Data Science Summit 2012
As part of EMC World, we're holding the second instantiation of the Data Science Summmit on May 23-24 in Las Vegas. The first gathering exceeded all expectations in terms of attendance, cool sessions on what people were doing with data science, and generally celebrating data scientists as the new intellectual heroes of the information age.
The sad part: I'll have other duties at EMC World during that time, but I am going to make every effort to attend as many sessions as humanly possible.
If you've got the data science bug like I do, you'll make every effort to attend.
The Academic Connection
Our viewpoint is that, with regards to data science, there are two distinct perspectives.
First, we believe that data science represents a legitimate and independent advanced curriculum -- at the graduate and post-doc level.
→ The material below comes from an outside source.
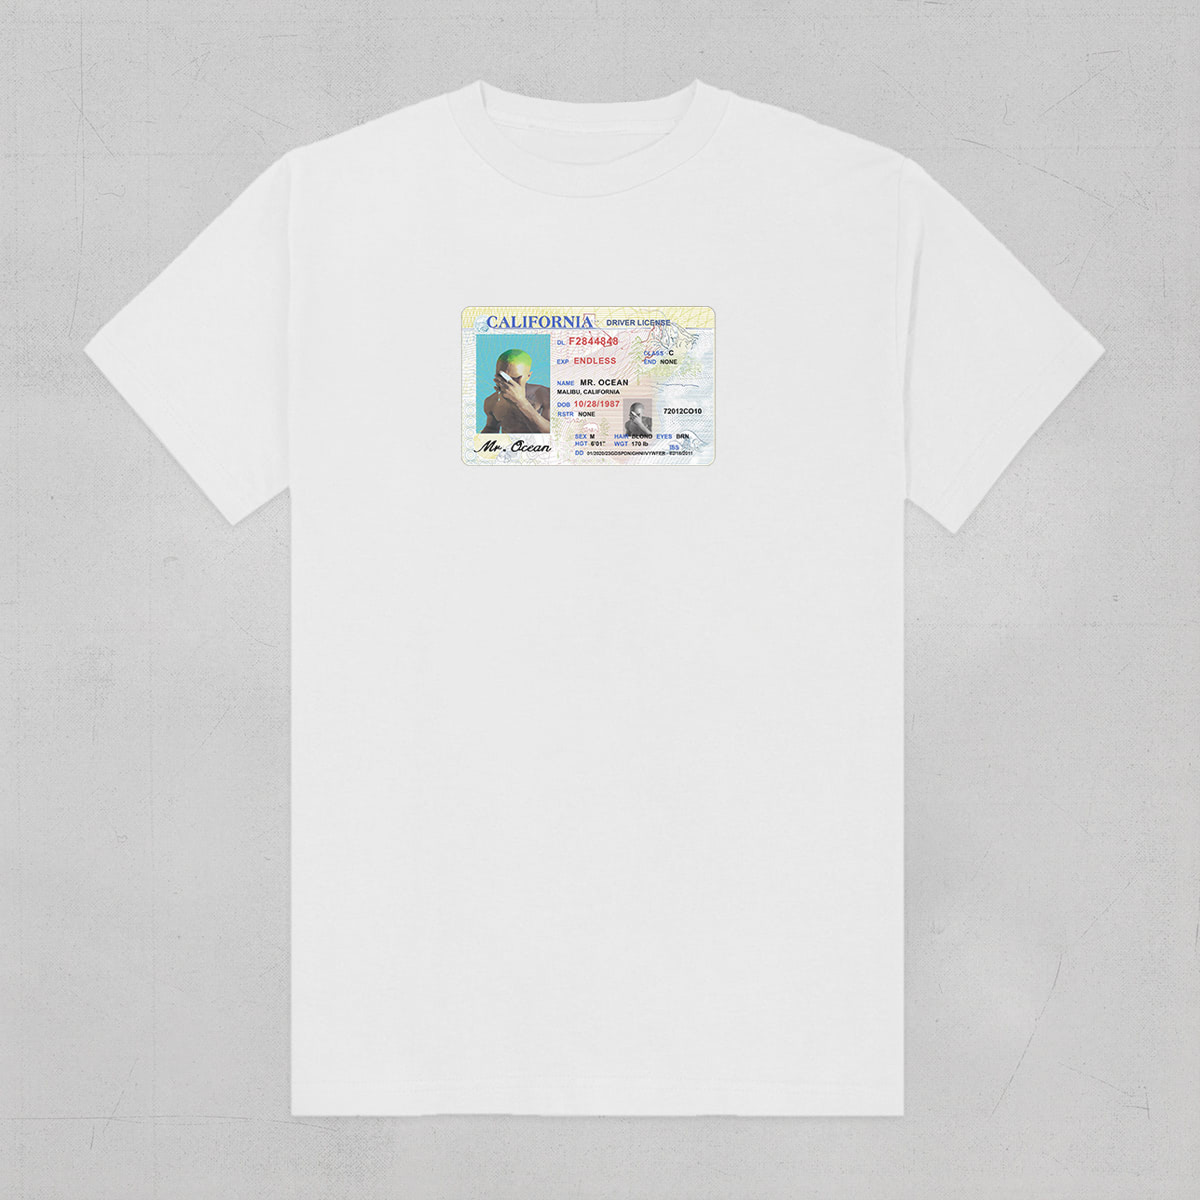 frank ocean license shirt
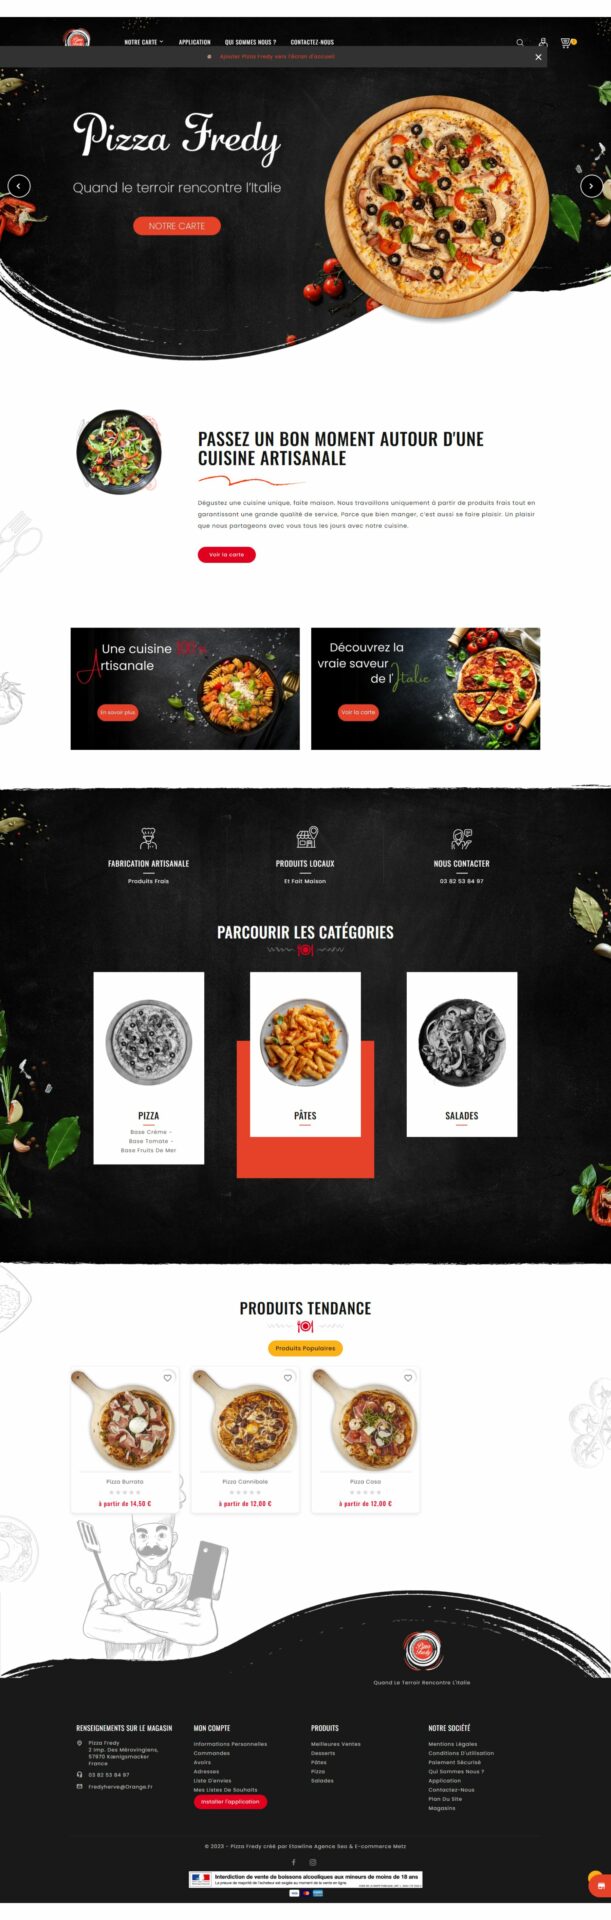 Nouveau site refonte pizza fredy- Etowline

Second, we believe that data science will emerge as one of the primary intellectual tools in so many established academic disciplines: from biotech to social science.
A while back, we introduced our own introductory course work along these lines, which as turned into an incredibly popular offering.
We've also started to make progress in engaging around academic leaders along these lines.
Representing the East Coast faction, we're working with the MIT Center for Digital Business, led by Andrew McAfee and George Westerman, who are studying how organizations are using big data analytics, and how their business performance differs from their peers. And representing the West Coast, we're working with the Stanford Social Data Lab, led by Andreas Weigend, mostly focused on the new treasure-trove of social data, and how to better exploit it.
Much more to do here, but I can see demonstrable progress.
Sharing Our Internal Stories
Here at EMC, we're now actively infected with the big data analytics bug.
We're working to make the first phase (BI as a service) more broadly available inside of EMC, and we've had a number of internal Greenplum Analytics Lab engagements in various strategic locations across our internal EMC organization.
Yes, we're a technology company, you might expect that -- but our starting point is perhaps more interesting: we haven't been the most analytically enabled company -- but wait a year or so, and we show every sign of becoming one.
For that reason, I think we here at EMC will serve as an excellent example over the next year or so detailing how a large, global company in an incredibly competitive business changes the way they do business using big data analytics. Hopefully, our experiences will help others.
I have good reasons to be optimistic: for example, we've already done that with social. We've now clearly reaping the benefits of our internal ITaaS transformation, remaking EMC IT into a competitive internal service provider. We've started to tackle mobility in a very strategic and thoughtful way.
And, of course, quickly learning to wield the new tools of data science and big data analytics.
The best news?
I think these appear to be very exciting times indeed for all of us as career IT professionals.